Nos résultats finaux d’intérêt sont les compétences des enfants. Une fois de plus, les impacts du programme léger sont limités, mais nous constatons des améliorations dans un large éventail de résultats de préparation à l’école avec le programme plus intensif. Les enfants du groupe de traitement ont des compétences en vocabulaire et en mathématiques significativement plus élevées que les enfants du groupe témoin, et ils ont également une meilleure santé socio-émotionnelle, à la fois immédiatement après l’intervention et six mois après.
Les croyances parentales expliquent jusqu’à 19 % de la variation observée dans les compétences linguistiques des enfants
Nous terminons notre analyse par une exploration du pouvoir prédictif des croyances parentales sur le développement de l’enfant.
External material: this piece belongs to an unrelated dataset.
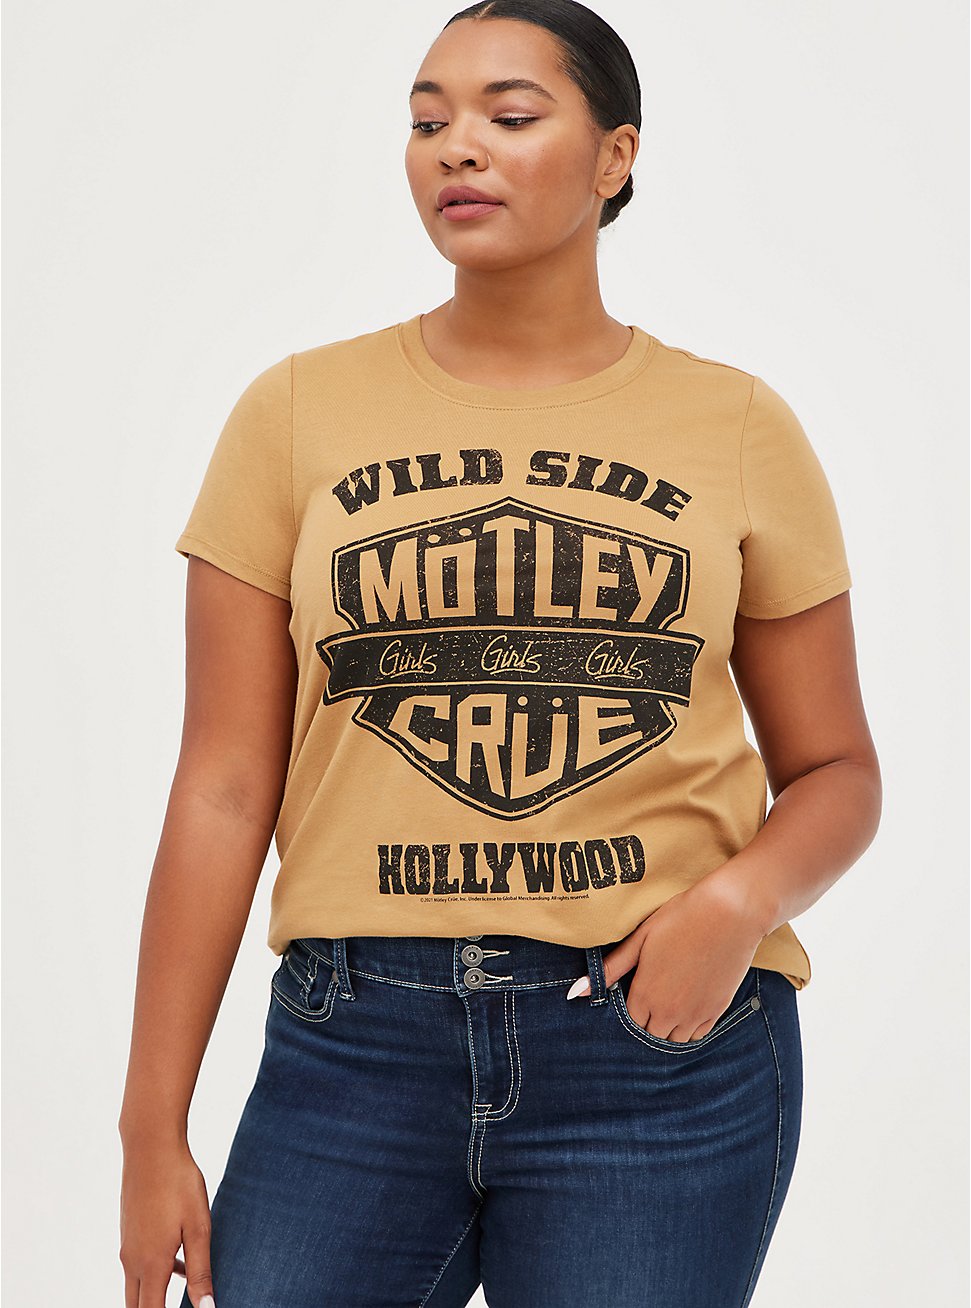 Classic Fit Crew Tee - Mötley Crüe Tan, TAUPE, hi-res

En utilisant les données d’une étude longitudinale qui a suivi les parents et les enfants pendant quatre ans à partir de l’âge d’un an, nous montrons que les croyances parentales prédisent fortement et systématiquement les compétences linguistiques des enfants. Les familles impliquées dans l’étude vivent dans la région métropolitaine de Chicago et sont issues de milieux socio-économiques défavorisés. Nos résultats indiquent que les corrélations entre les croyances parentales et les compétences des enfants sont systématiquement positives, à la fois à différents âges et à travers différentes mesures de compétences. De plus, nous constatons qu’une grande partie de la variation des résultats des enfants s’explique par la variation des croyances parentales. Par exemple, nous montrons que les croyances mesurées entre 19 et 22 mois expliquent 18,7 % de la variation des compétences langagières des enfants un an et demi plus tard.
La recherche sur le développement de l’enfant indique que les investissements dans la petite enfance conduisent à de meilleurs résultats à long terme chez les enfants (Bailey et al. 2021, Heckman et Karapakula 2019), appelant à davantage de recherches sur les politiques optimales nécessaires pour réduire les inégalités précoces au sein des sociétés modernes. Pourtant, il existe une grande hétérogénéité dans l’investissement dans l’enfance et les résultats des enfants observés dans toutes les strates socio-économiques. Nous abordons les disparités de la petite enfance différemment en nous concentrant sur les croyances parentales en tant que moteur potentiel des apports disparates et des résultats des enfants. Nos résultats suggèrent que fournir des informations et des conseils susceptibles de modifier les croyances parentales concernant l’impact des investissements parentaux sur les enfants peut être une voie vers l’amélioration des résultats de préparation à l’école.